Analysis of m6A-Related Signatures in the Tumor Immune Microenvironment and Identification of Clinical Prognostic Regulators in Adrenocortical Carcinoma

• Published in: Frontiers in immunology Vol. 12; p. 637933
• Main Authors: Jin, Yi, Wang, Zhanwang, He, Dong, Zhu, Yuxing, Hu, Xueying, Gong, Lian, Xiao, Mengqing, Chen, Xingyu, Cheng, Yaxin, Cao, Ke
• Format: Journal Article
• Language: English
• Published: Switzerland Frontiers Media S.A 03.03.2021
• Subjects: adrenocortical carcinoma; HNRNPA2B1; Immunology; M6A; prognostic signatures; tumor immune microenvironment; M6A; adrenocortical carcinoma; tumor immune microenvironment; prognostic signatures; HNRNPA2B1
• ISSN: 1664-3224; 1664-3224
• DOI: 10.3389/fimmu.2021.637933

Adrenocortical carcinoma (ACC) is a rare endocrine malignancy with a high rate of mortality and recurrence. N6-methyladenosine methylation (m6A) is the most common modification to affect cancer development, but to date, the potential role of m6A regulators in ACC prognosis is not well understood. In this study, we systematically analyzed 21 m6A regulators in ACC samples from The Cancer Genome Atlas (TCGA) and the Gene Expression Omnibus (GEO) database. We identified three m6A modification patterns with different clinical outcomes and discovered a significant relationship between diverse m6A clusters and the tumor immune microenvironment (immune cell types and ESTIMATE algorithm). Additionally, Gene Ontology (GO), Kyoto Encyclopedia of Genes and Genomes (KEGG), and Gene Set Enrichment Analysis (GSEA) revealed that the m6A clusters were strongly associated with immune infiltration in the ACC. Next, to further explore the m6A prognostic signatures in ACC, we implemented Lasso (Least Absolute Shrinkage and Selection Operator) Cox regression to establish an eight-m6A-regulator prognostic model in the TCGA dataset, and the results showed that the model-based high-risk group was closely correlated with poor overall survival (OS) compared with the low-risk group.

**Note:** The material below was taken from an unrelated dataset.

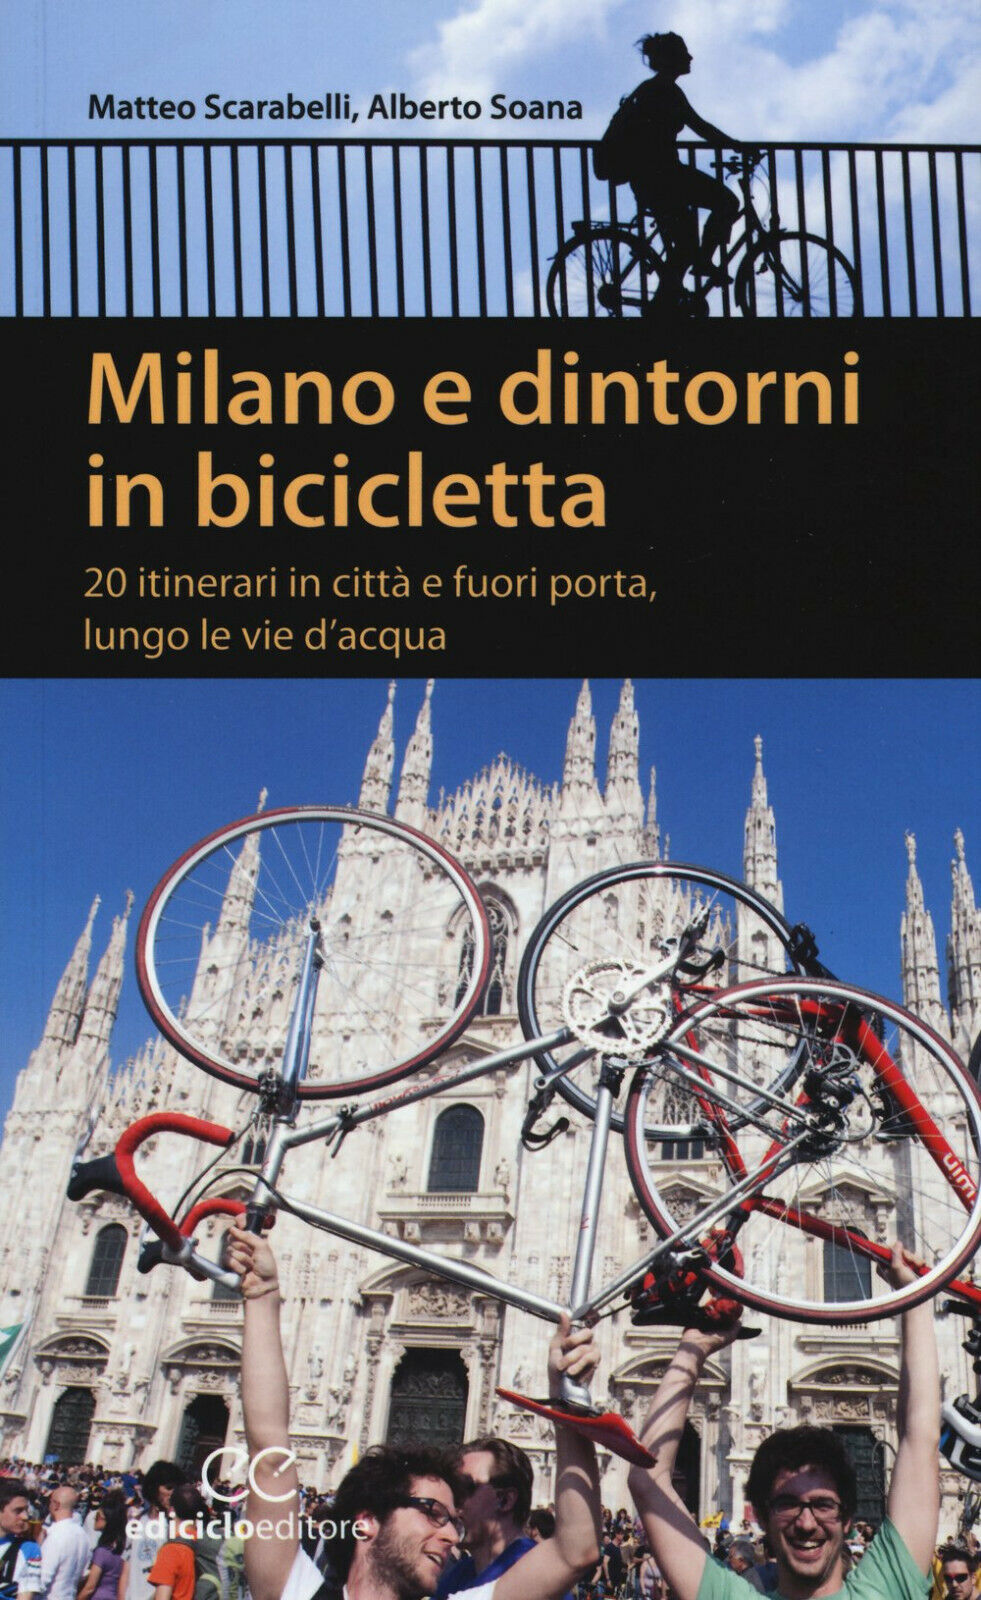 Milano e dintorni in bicicletta - Matteo Scarabelli, Alberto Soana-Ediciclo,2015

Subsequently, we validated the key modifications in the GEO datasets and found that high HNRNPA2B1 expression resulted in poor OS and event-free survival (EFS) in ACC. Moreover, to further decipher the molecular mechanisms, we constructed a competing endogenous RNA (ceRNA) network based on HNRNPA2B1, which consists of 12 long noncoding RNAs (lncRNAs) and 1 microRNA (miRNA). In conclusion, our findings indicate the potential role of m6A modification in ACC, providing novel insights into ACC prognosis and guiding effective immunotherapy.